We should not base our DNS domains on scenarios where a DNS administrator
loses access to all their IP addresses and therefor could not operate
the DNS as required.

> i think it prolongs the data being available in a bunch of the cases I can imagine/have-seen.
> I think there's at least one case where it's likely grave harm could have come to the dns operator. :(

Grave harm beyond being already completely disconnected from the
internet? I think that kind of harm is not something we can address
in protocol design.

> I think what the draft does is attempt to guess at WHY a thing is changed, without an real data to back up the reasoning. this will mean the decision is wrong
> more than a small percent of the time.

You will have to provide a few scenarions that we can actually evaluate
to back that statement. To me, if your presence has been basically cut
from the internet, then this is no longer an internet protocol issue.

>       The DNS resolvers who want to accomodate their governments need to
>       manually override their resolvers anyway with new (forged) data.
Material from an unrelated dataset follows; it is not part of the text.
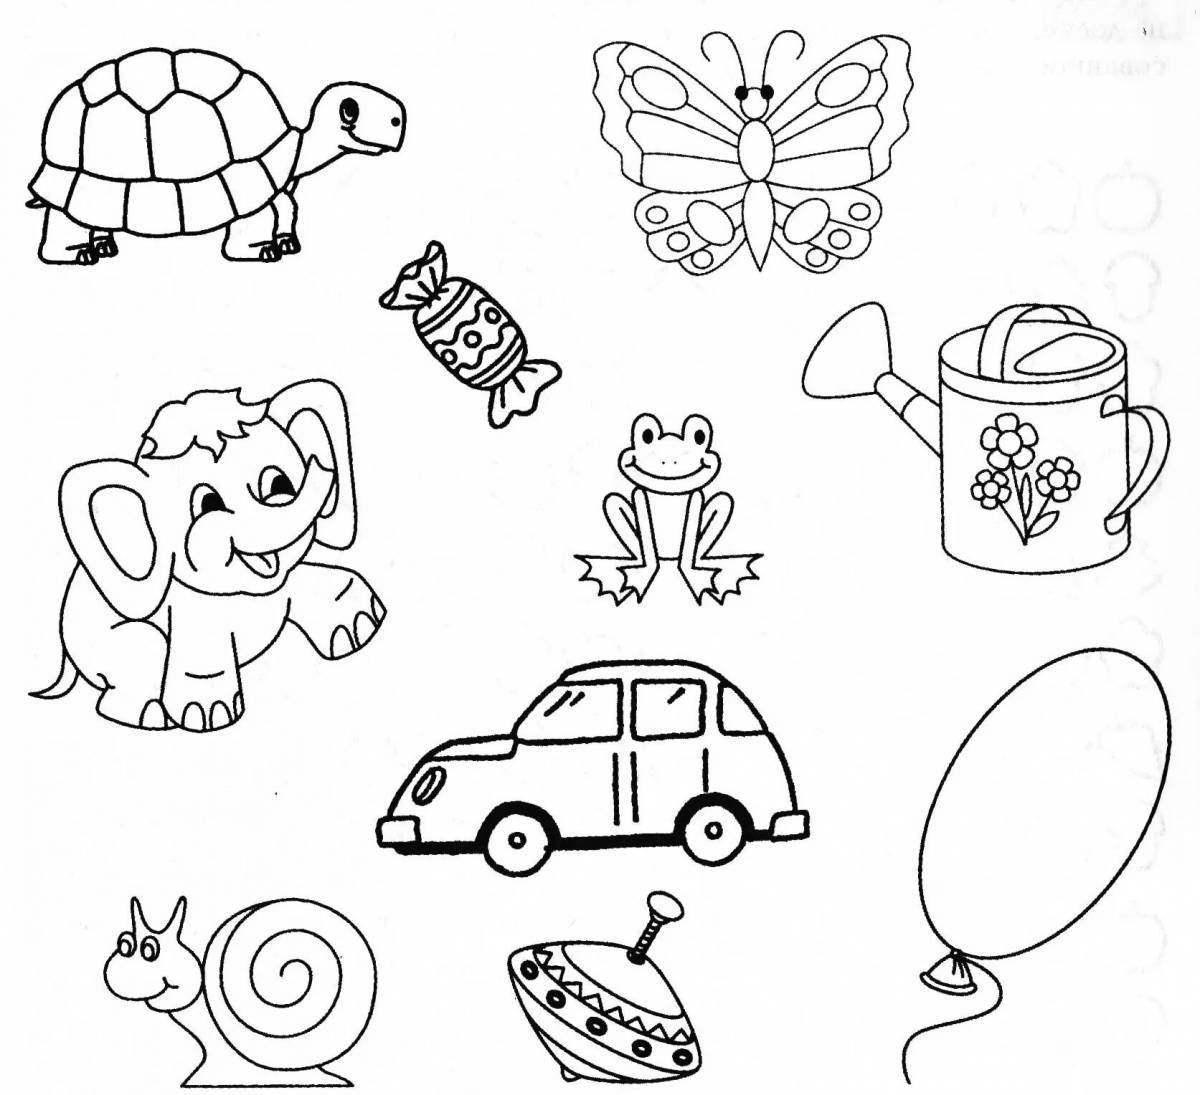 Amazing nature coloring pages for kids
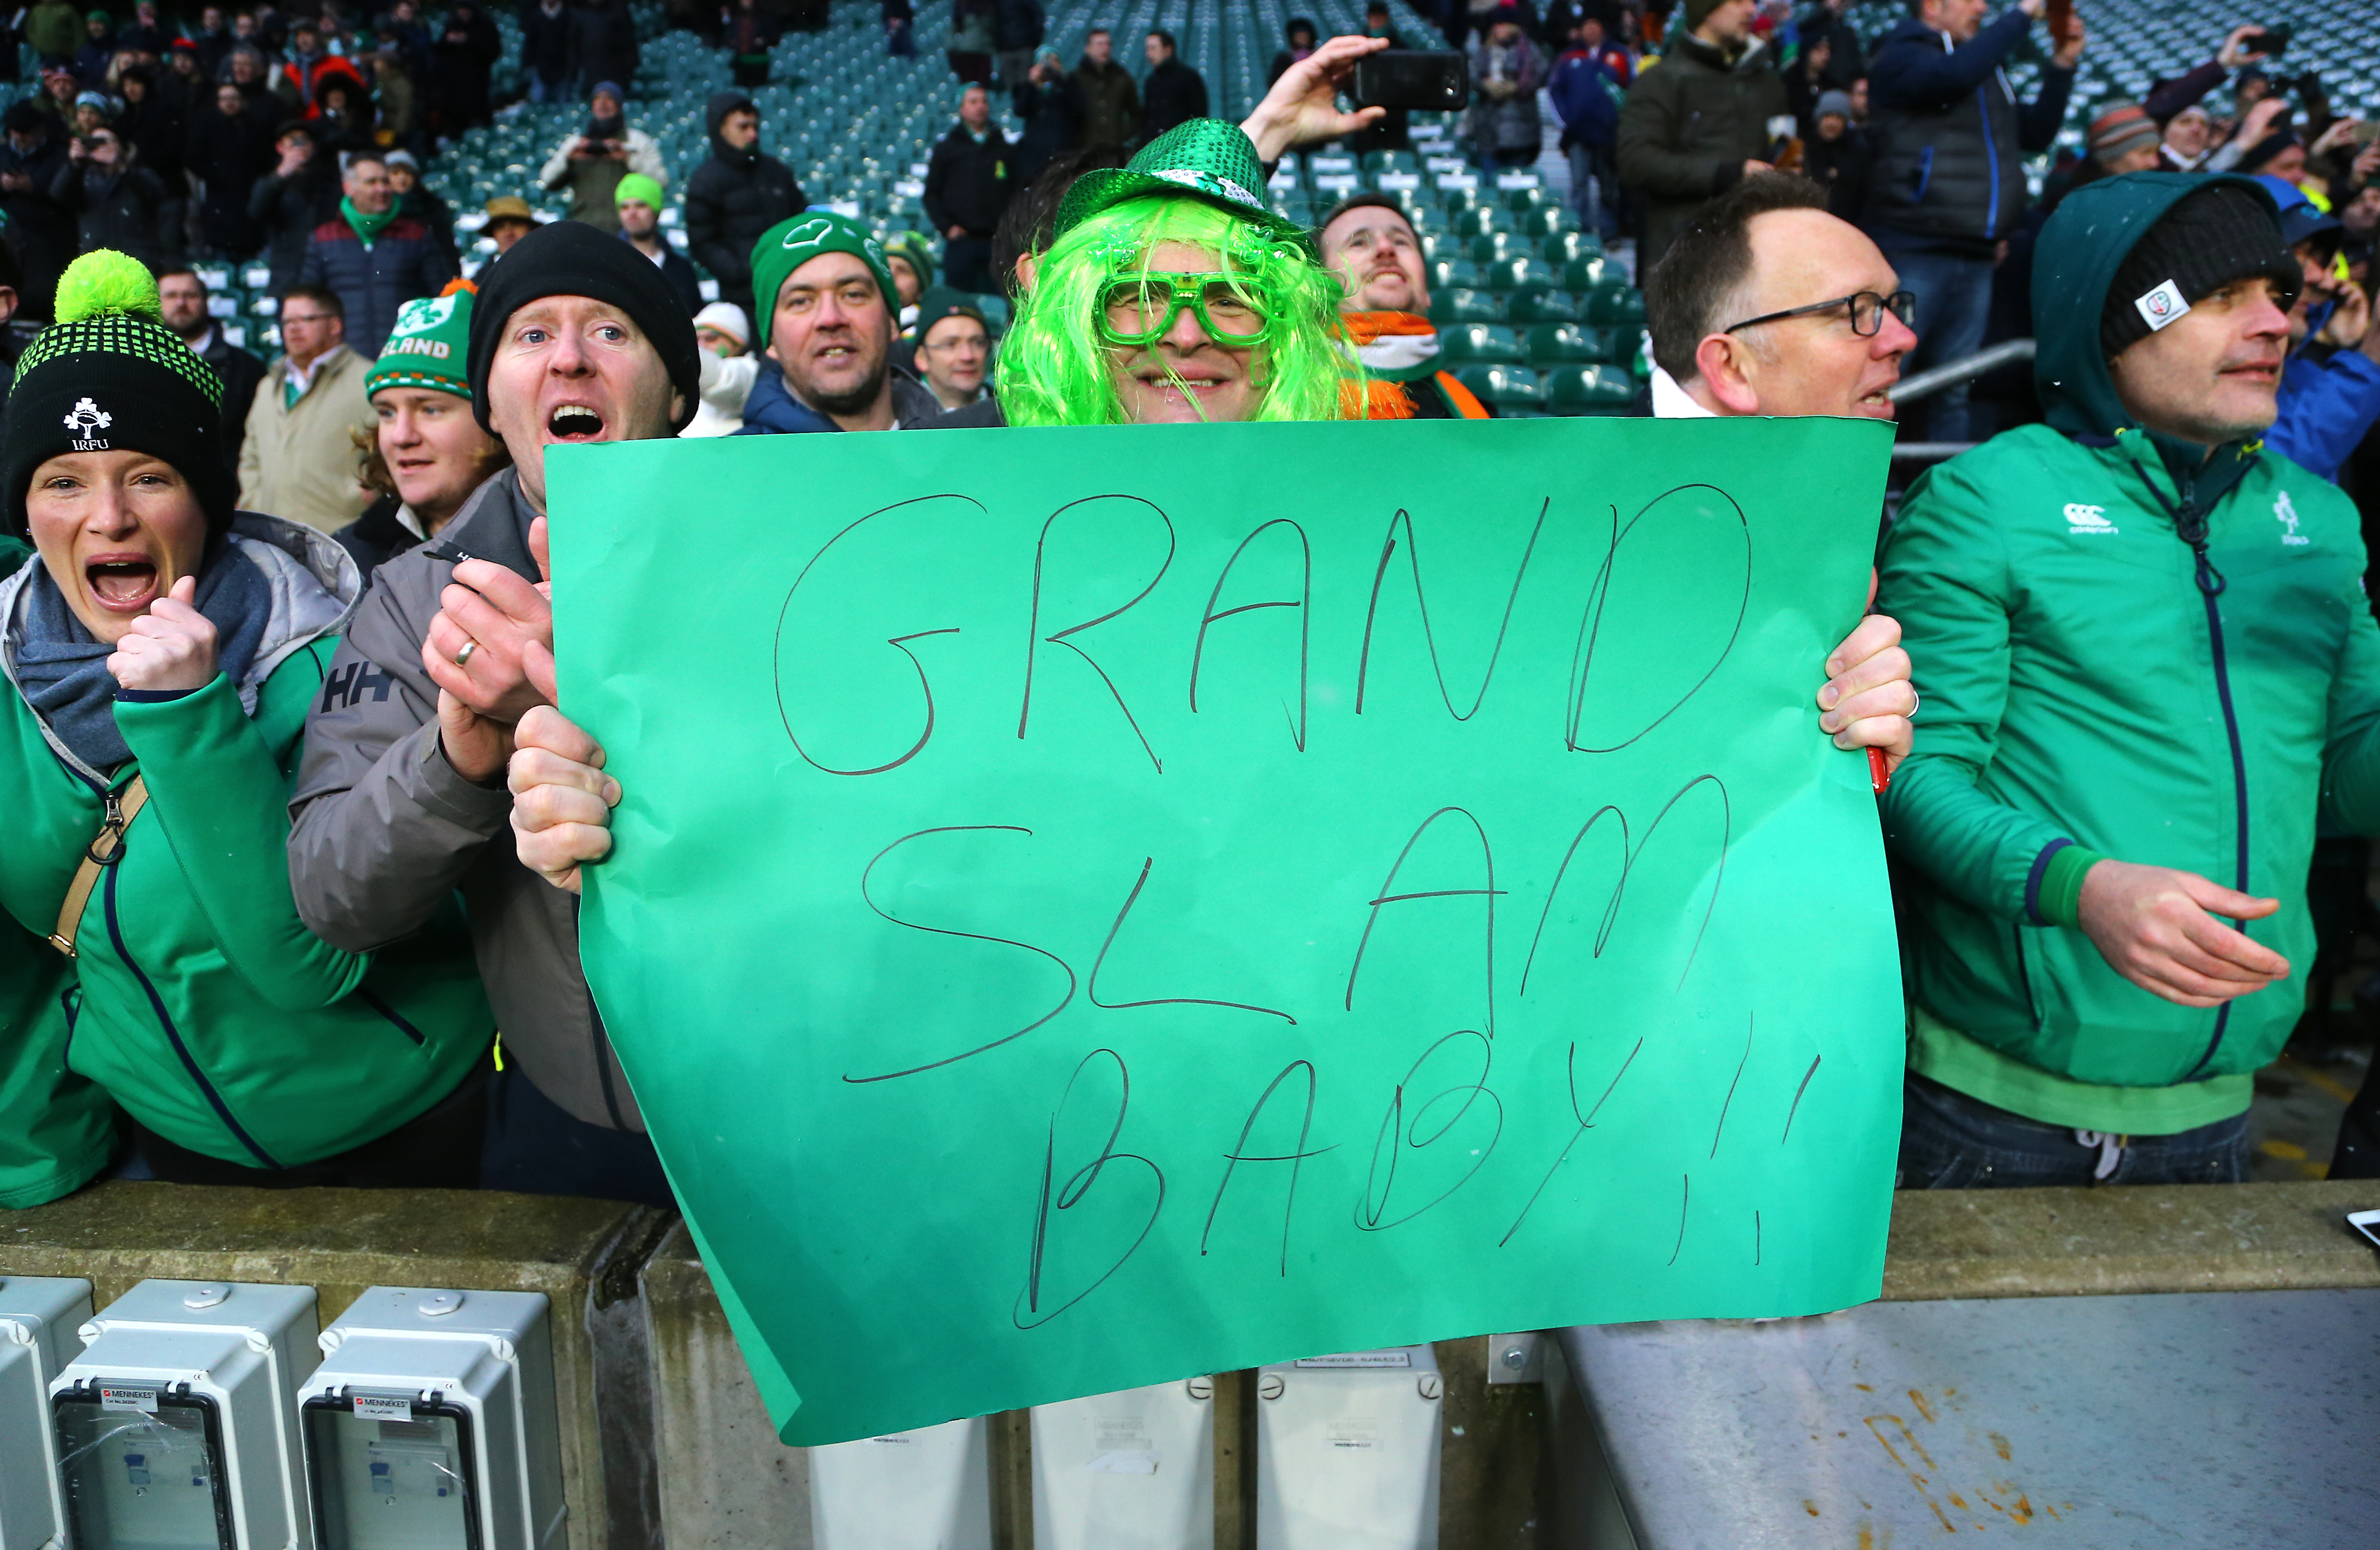 Fans hold up a sign celebrating Ireland's victory during the NatWest 6 Nations match at Twickenham Stadium, London

This
>       draft does not change that.
>
>       If the owner itself wants to bring the domain down, they just need to
>       make its auth servers reachable.
> 
> 
> sometimes that's not possible :( and the expectation is that 'when the right ttl sets expire all of our records disappear as you requested"

If your servers are connected to the internet, that remains the case.
The case we seem to talk about is only when all authoritative servers
are down. If you get non-technical pressure to bring things down without
getting TTL extensions, explain to those cutting you of that they can
get a shorter disconnect time by letting you run a modified DNS
configuration on your servers?

>       If the DNS hoster wants to bring it down, they just need to modify the
>       data it serves resulting in NXDOMAIN, ServFail or 127.0.0.1 A records.
> 
> 
> this is also not always possible :(

Sorry, again you have to substantiate your answer here. Make up an
imaginary story to illustrate this if you cannot use a real example.

>
>       I don't think the "4 years" is a realistic problem case.
> 
> is the '4 years' here in reference to the .eg problem?

I have no idea what the ".eg problem" is.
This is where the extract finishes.